# difference between 06/07 and 07/08 390s?



## Guest (Dec 22, 2007)

i've been convinced to go with the rome 390's, and i'm certain i'll be very happy with the purchase. the only predicament i'm in is i need to decide if i should go with this years or last years. i found last years for around $100 online, and this years run $190. 

not only do the toe straps look much nicer on this years, but i would be buying them from a local independent shop, and i'd love to support them. however i'm not rich, and 90 bones is a bit. 

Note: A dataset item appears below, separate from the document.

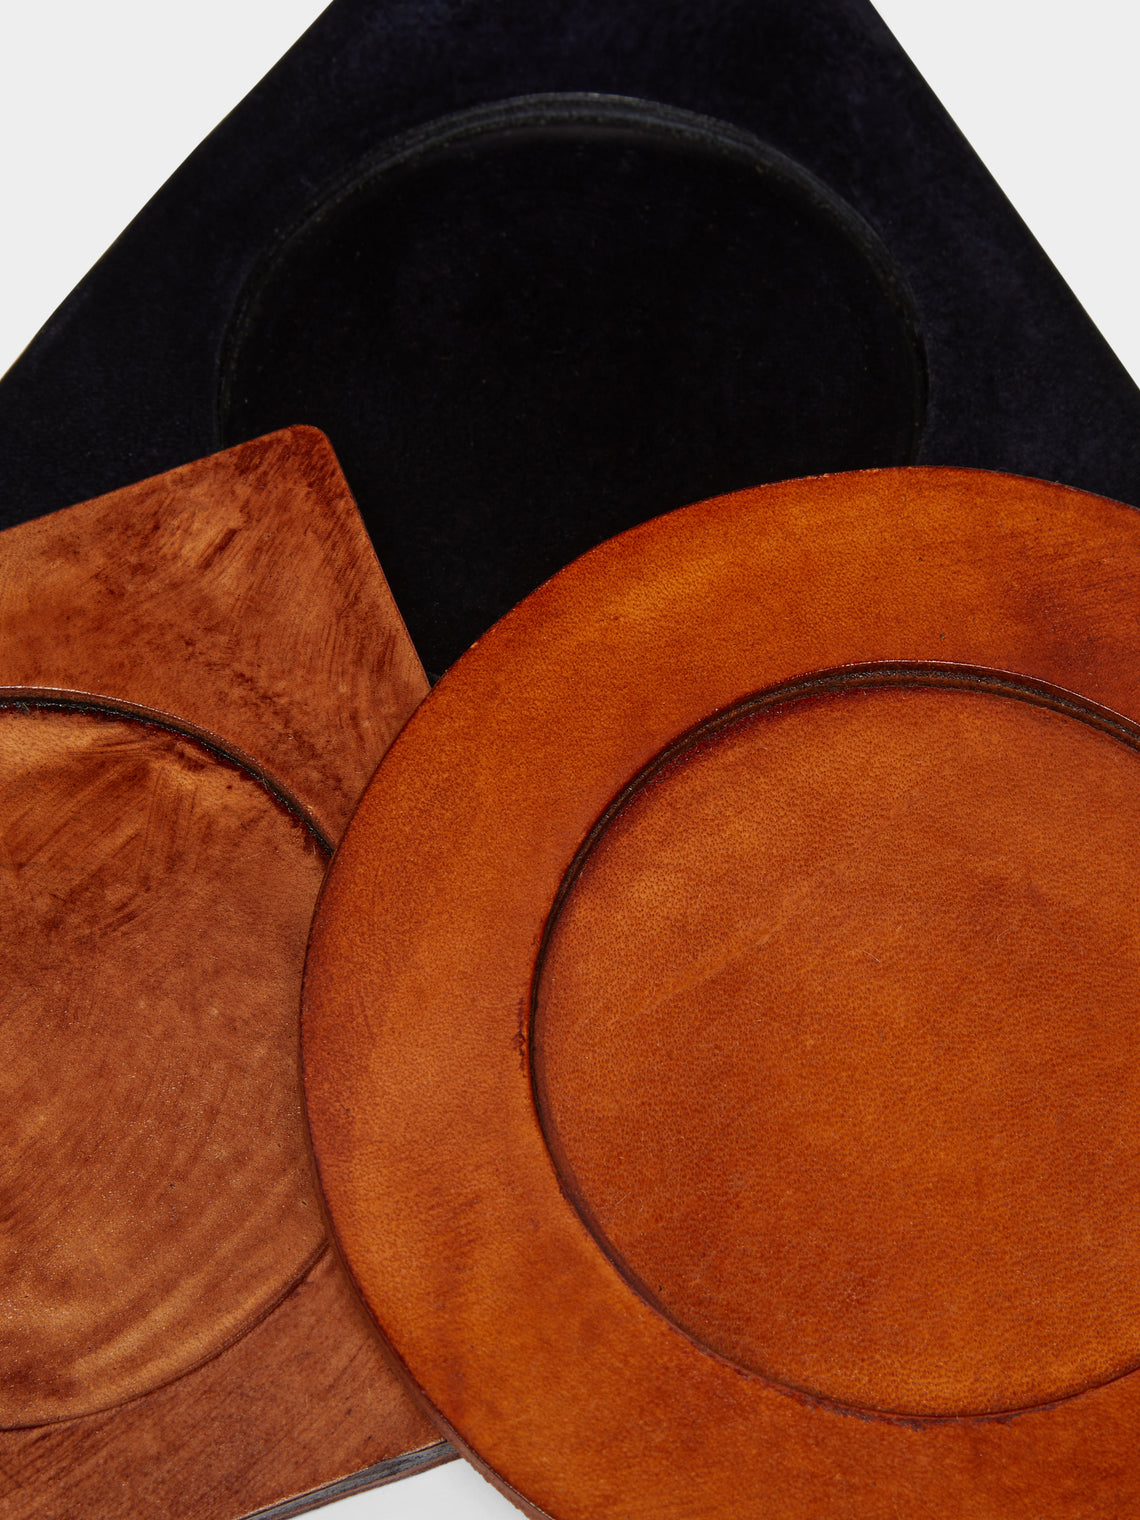 Peter Speliopoulos Projects - Hand-Stained Leather Coasters (Set of 6) -  - ABASK

so, is there a big difference b/t this years and last years models to justify dropping the extra cash?


----------



## Guest (Dec 27, 2007)

I heard the 08's are a little lighter, slightly different straps,and the obvious color changes. I also overhead a guy in my local shop say that they added some "rubber banding" to keep the straps open when unbuckled, but I'm not sure about that. I just purchased some 08's from tightboards.com for $158.00 shipped. Enter code TBEM320 to get 20% off during checkout. I was in a similar situation until I found this deal. I'm all for trying to help out the little guys, but cash is hard to come by and my local shop refuses to negotiate.


----------



## Guest (Dec 27, 2007)

i did'nt have much pick in which model i got so i have no idea it was used christmas gift ^-^ i am 5'11 high have size 11 shoes and my new used board(LAUGH) is 24 cm, heres a pic of the board *****SnowBoard (Liquid Vortex)***** is it wide enough? and if anyone could tell me any info on the board it would help too. Also i ride goofy and i don't know how to set the bindings(which direction blah blah) thanks guys


----------



## Guest (Dec 27, 2007)

boooo thread jack...hooraaaaaaay beer!


that said, i just bought the 08's from the local shop today. i got a few gift certifs, so it made the most sense. these are hot ass bindings...only one rather large problem. my old ride boots are a bit too wide to comfortably fit in there. i guess it's time to put the 5 year old chubby boots to rest.


----------